Scholars agree that the failure of the anti-Hitler conspirators to enlist the active support of a single field marshal with an army at his disposal severely impaired their goal to overthrow the Nazi regime. Senior officers like Guderian, Rundstedt, Manstein, Halder, and Brauchitsch, might have tipped the scales in the conspirators' favor, but they refused. Kluge, on the other hand, appeared to hold out more promise.

After his schooling at the Military Academy, Kluge served on the General Staff from 1910 to 1918. During the inter-war period, he rose quickly through the ranks to colonel in 1930, major-general in 1933 and lieutenant-general the following year.

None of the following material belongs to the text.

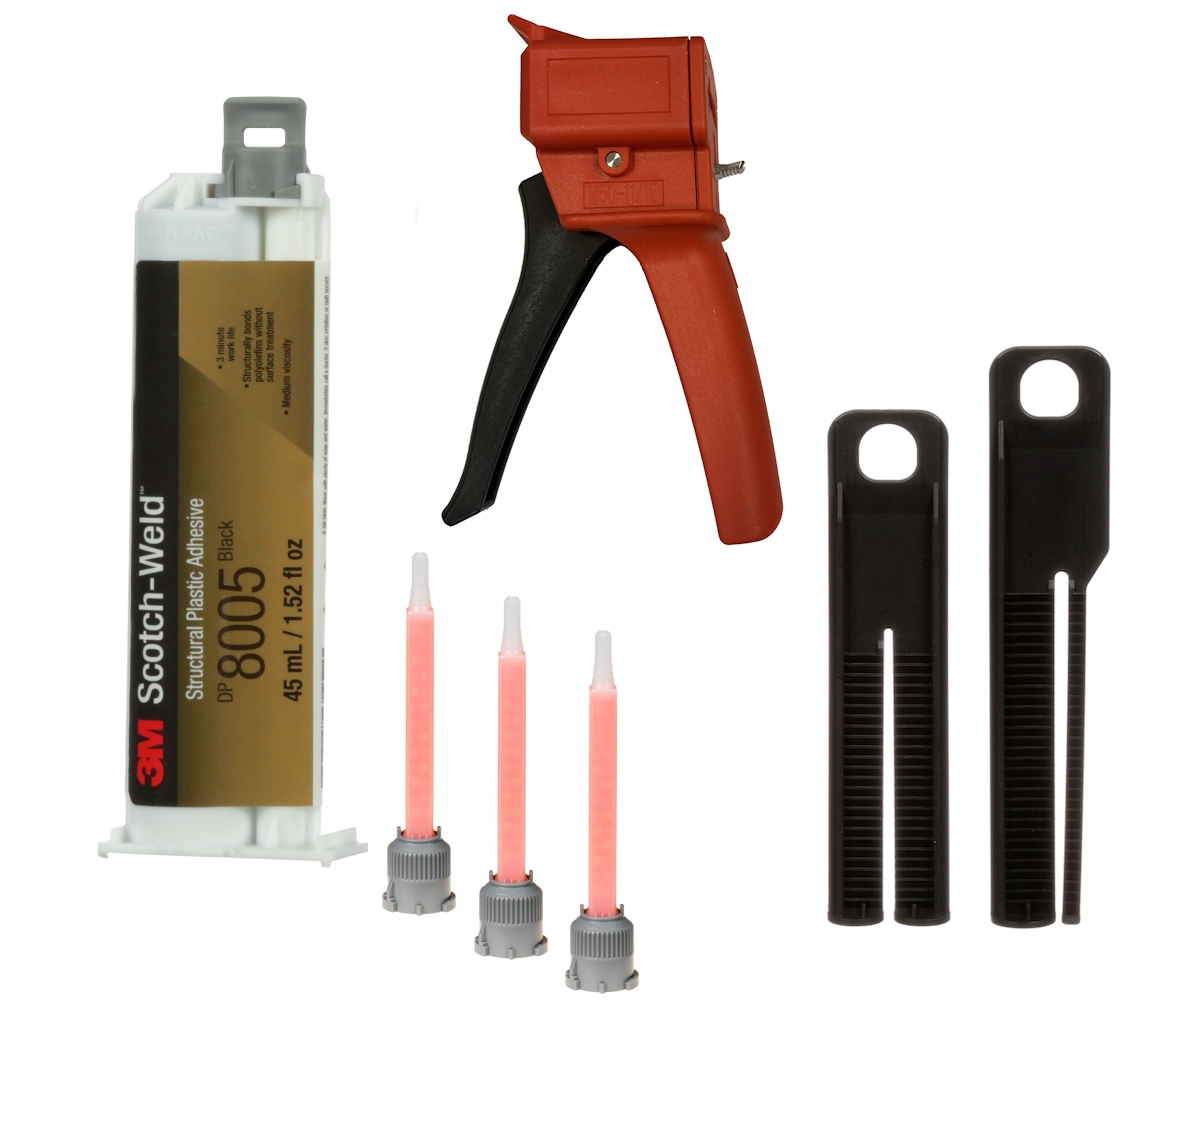 Starter set: 1x 3M Scotch-Weld 2-component construction adhesive EPX System DP8005, black, 45 ml 1x S-K-S hand tool for EPX 38 to 50 ml cartridges incl. feed piston 2:1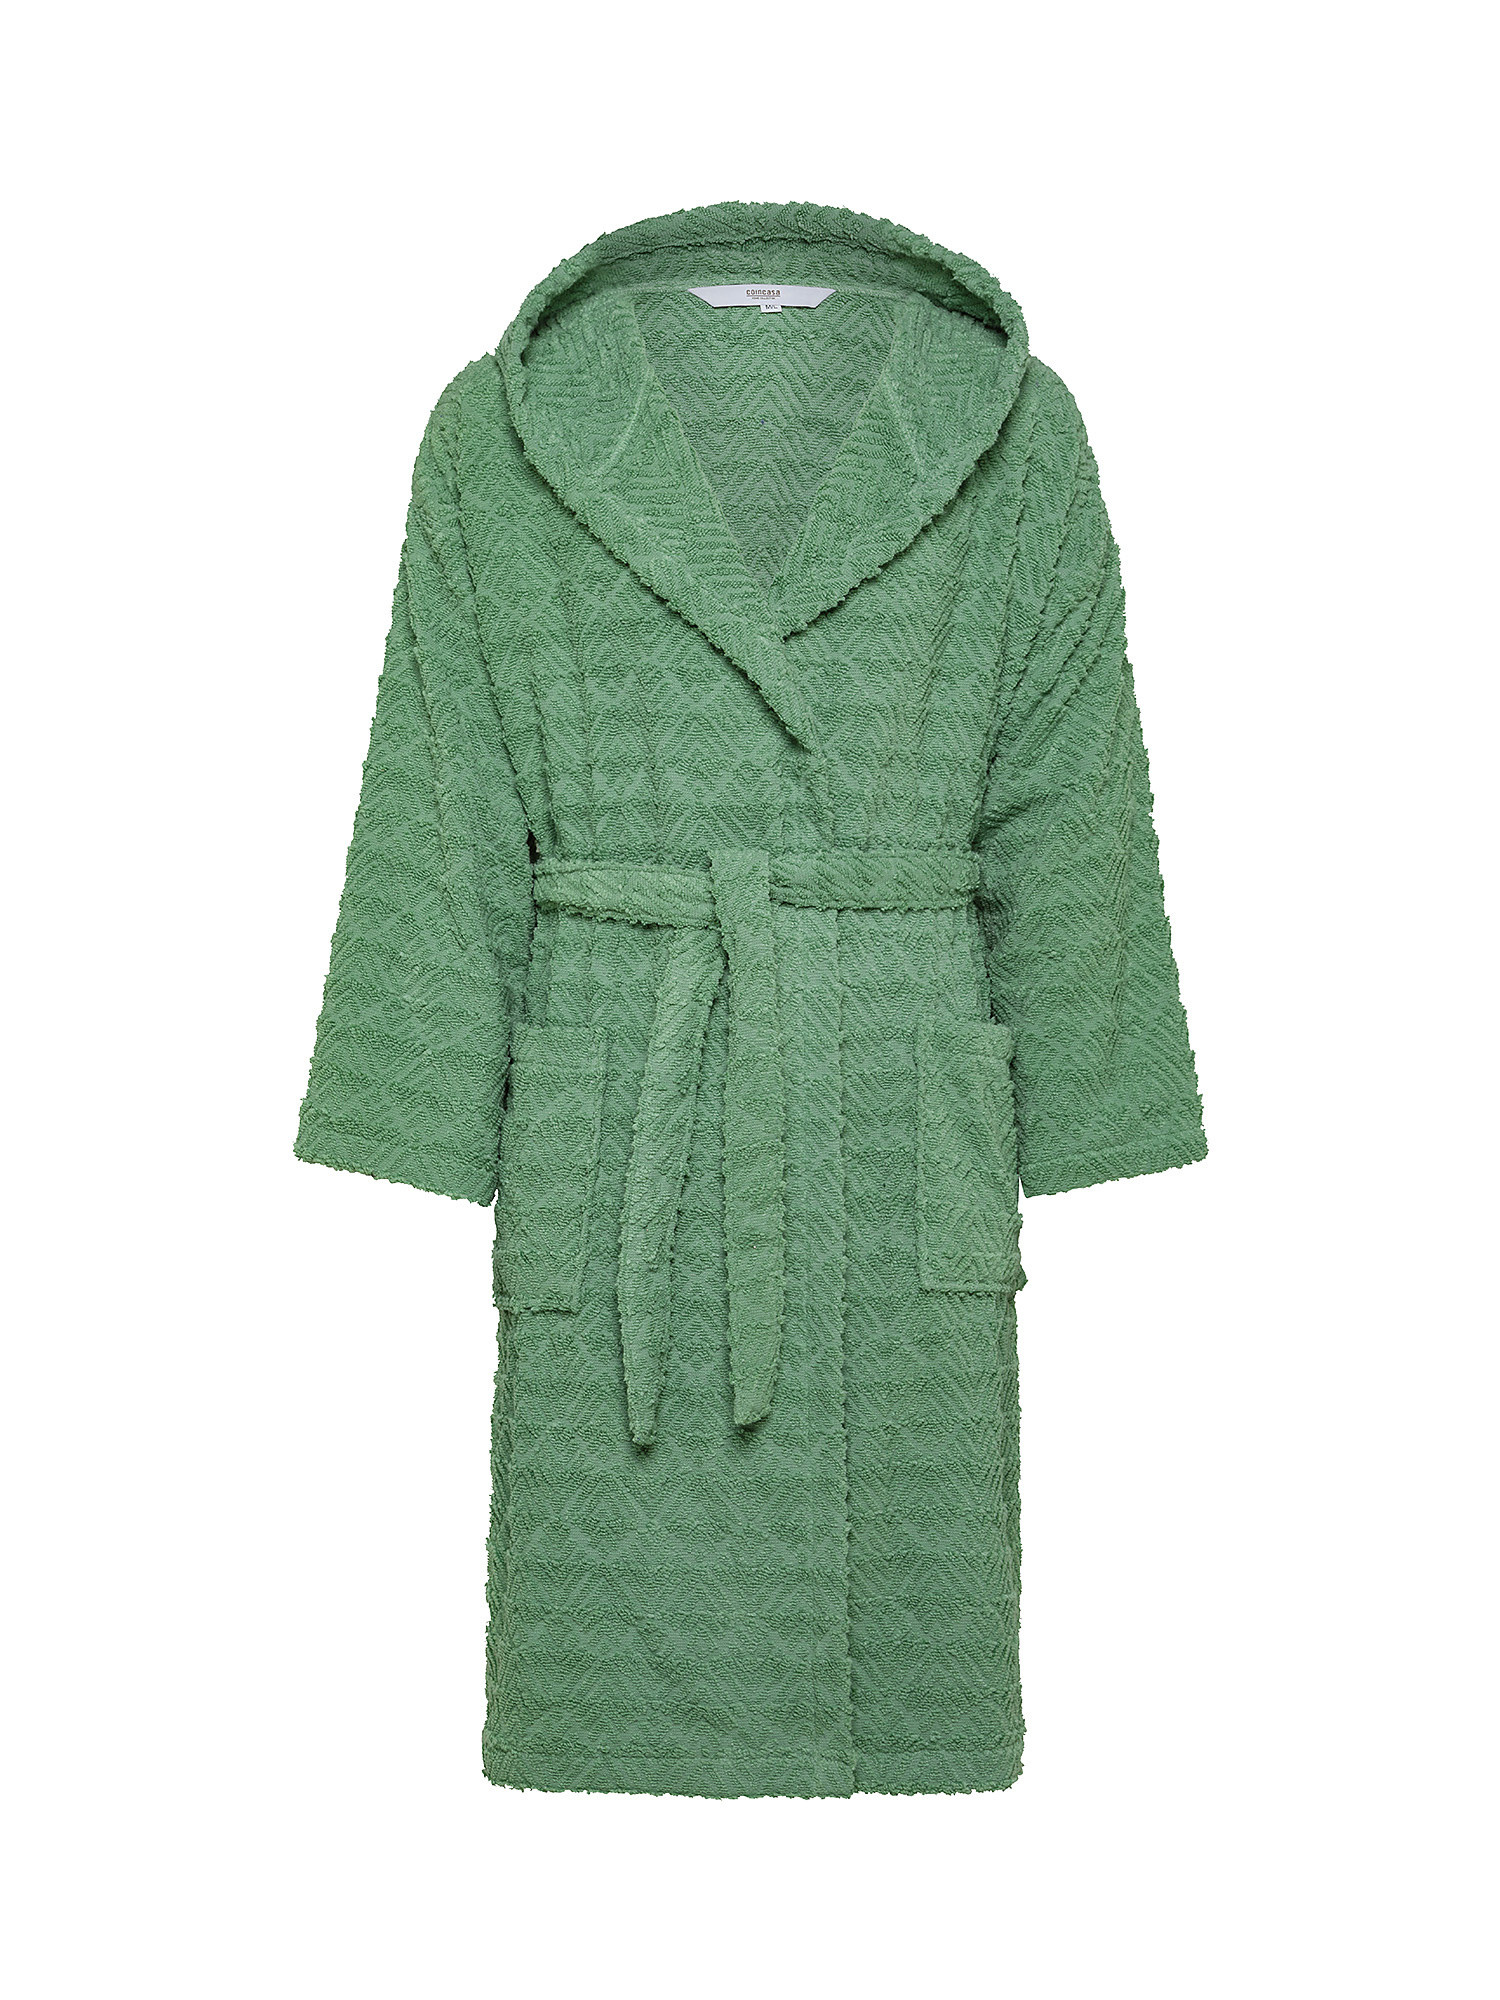 Terry cotton bathrobe with geometric pattern, Sage Green, large image number 0

After 1936, Kluge was given command of an army corps. His interest in mobile warfare soon won Hitler's esteem and assured Kluge's continued ascendance.

Kluge disliked Hitler's gangsterlike Nazi entourage and was appalled at the persecution of the Jews. He was among those many officers of the General Staff who feared Hitler's warmongering would lead Germany to disaster. But like others, Kluge soon succumbed to Hitler's spell as the Teflon fuehrer won one spectacular victory after another. When it came to Poland, Kluge had for years bitterly resented the Versailles Treaty's compensation of West Prussia to Poland and believed Germany was entitled to reclaim its eastern territories.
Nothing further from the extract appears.